Commonwealth v. Borden

403 Mass. 1008 | Mass. | 1988

At issue is the correctness of an order allowing the defendants’ joint motion to suppress evidence seized from an automobile after the arrest of the defendants. The Commonwealth then applied to a single justice of this court for leave to appeal. See Mass. R. Crim. P. 15 (b) (2), 378 Mass. 882 (1979) as amended by 397 Mass. 1225 (1986). The single justice allowed the Commonwealth’s application and reserved and reported the case to the full court. We reverse the order allowing the motion to suppress.

*1009On November 6, 1986, Detective Charles Wilson and Officer Mayfield Holiday of the Boston police department were assigned to the drug control unit in the East Boston area. An informant told them that drugs could be purchased by calling a specific telephone number. Wilson telephoned the number given to him by the informant. Wilson told the male voice answering the telephone he was “Sean.” Wilson asked for “two” (i.e., two half-grams of cocaine). In response to a question as to his location Wilson said he would be on Porter Street near a named East Boston pizza shop. The person answering the telephone said he would be there in about ten to fifteen minutes.

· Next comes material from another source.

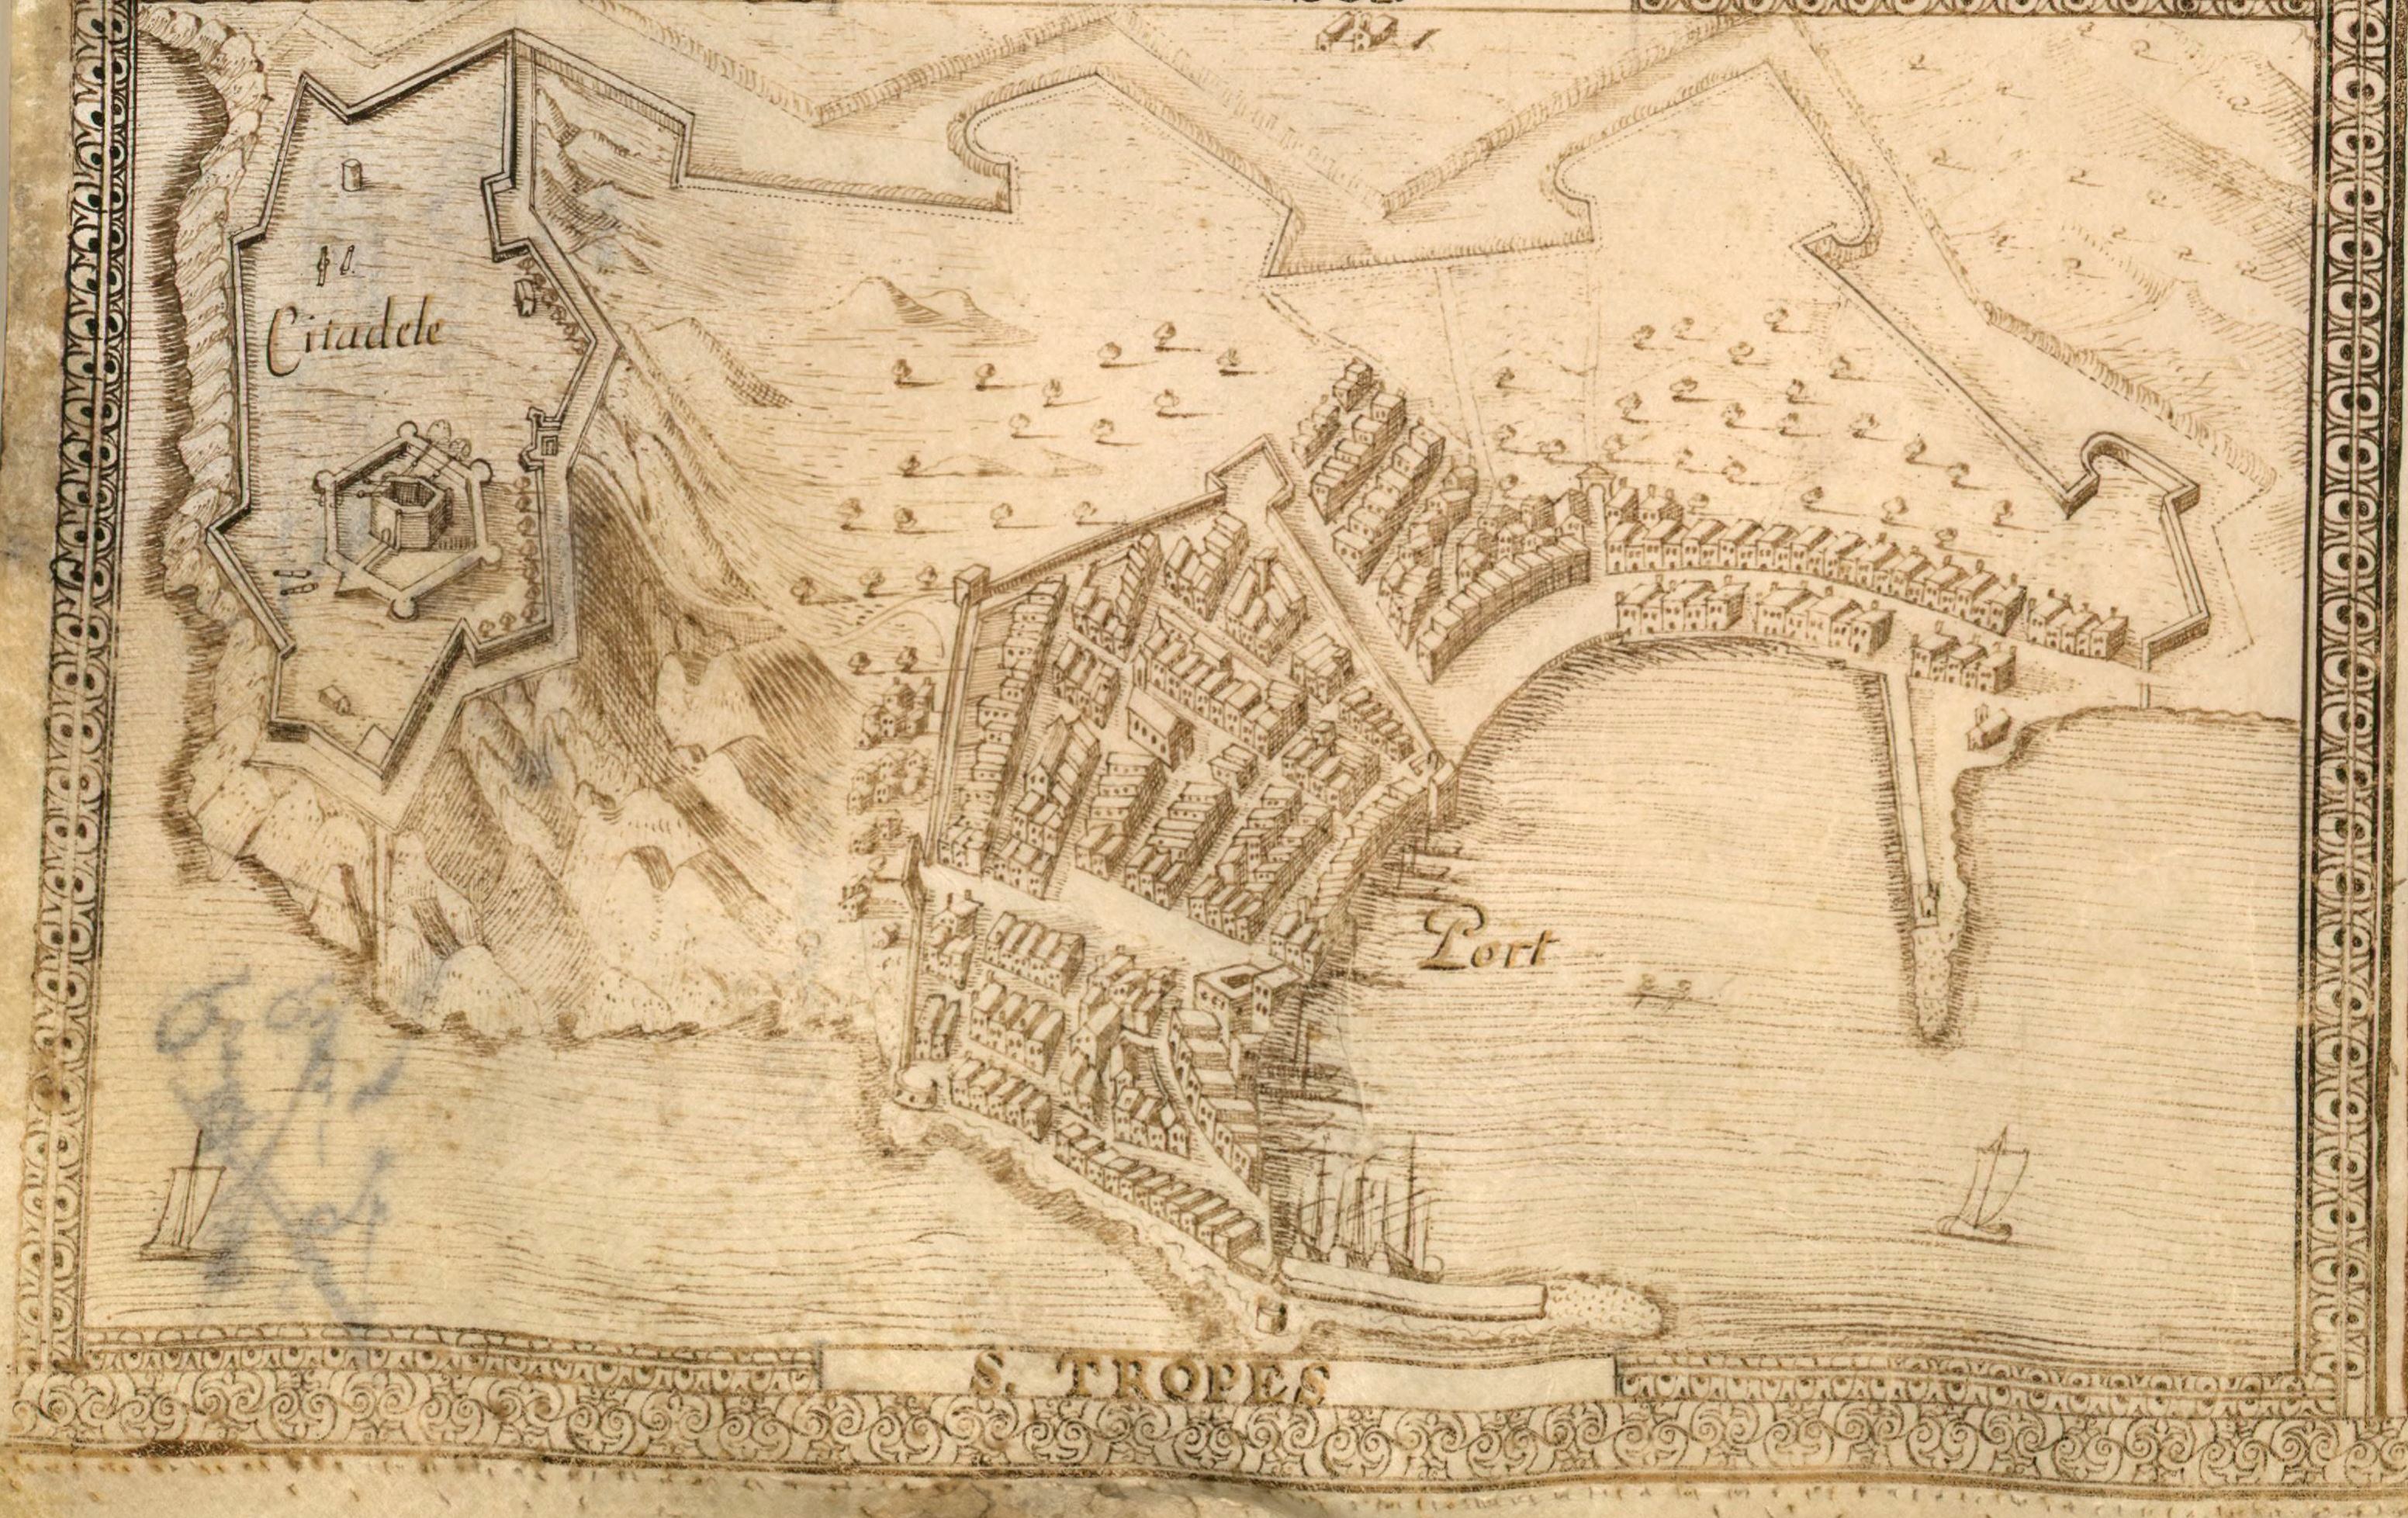 Vues perspectives de La Seine, Tollon, Hieres, breganson, Saint-Tropes, Freiuls, Saint-Rapheau, Canes, Saint-Honoré, Antibo 1631.

Wilson went to the street and stood near the pizza shop; Holiday waited nearby in an unmarked police car. About fifteen minutes later the defendants drove up in a Toyota automobile. Borden drove and Mancini was in the passenger seat. Mancini asked Wilson if he were “Sean.” Wilson said he was “Sean.” As Wilson approached the car he saw Borden give Mancini a plastic bag of white powder. Mancini said, “Fifty dollars.” Wilson motioned to Holiday as he gave Mancini $50. Holiday blocked the defendants’ automobile and the officers identified themselves. The officers ordered the defendants out of the automobile and arrested them. The officers then searched the automobile and found eighteen additional packets of white powder, $1,177, and á voice-activated paging device. The white powder was analyzed and determined to be cocaine.

The defendants were indicted for possession of cocaine with intent to distribute and for the distribution of cocaine. The defendants filed a motion to suppress alleging that the veracity and reliability of the informant was never established. The judge agreed and suppressed the evidence seized at the time of the arrest.2 On appeal the Commonwealth argues, as it did at the hearing, that the veracity and reliability of the informant is irrelevant because the evidence was seized pursuant to a valid arrest. We agree.

The police investigated the accuracy of the telephone number by calling the number to make a purchase of cocaine. The police made an appointment to purchase cocaine with the person who answered the telephone. The defendants kept the appointment and Wilson did purchase cocaine from the defendants. As a result of that purchase Wilson then had probable cause to arrest the defendants and, contemporaneous with the arrest, to search the automobile for the purpose of “seizing fruits, instrumentalities, contraband and other evidence of the crime for which the arrest has been made in order to prevent its destruction or concealment.” G. L. c. 276, § 1 (1986 ed.). “It is irrelevant that the occupant is standing outside the vehicle at the time of the arrest.” Commonwealth v. Bongarzone, 390 Mass. 326, 351 (1983). See New York v. Belton, 453 U.S. 454, 456, 462 (1981).

Laura Callahan Burnham, Assistant District Attorney, for the Commonwealth. Joseph J. Machera for the defendants.

The order allowing the defendants’ motion to suppress is reversed, and the cases are remanded to the Superior Court for further proceedings.

So ordered.

The judge did not indicate whether the white powder purchased by Wilson also was suppressed. On the result we reach we need not decide the issue whether the purchase of the cocaine should be treated differently from the cocaine seized pursuant to the search.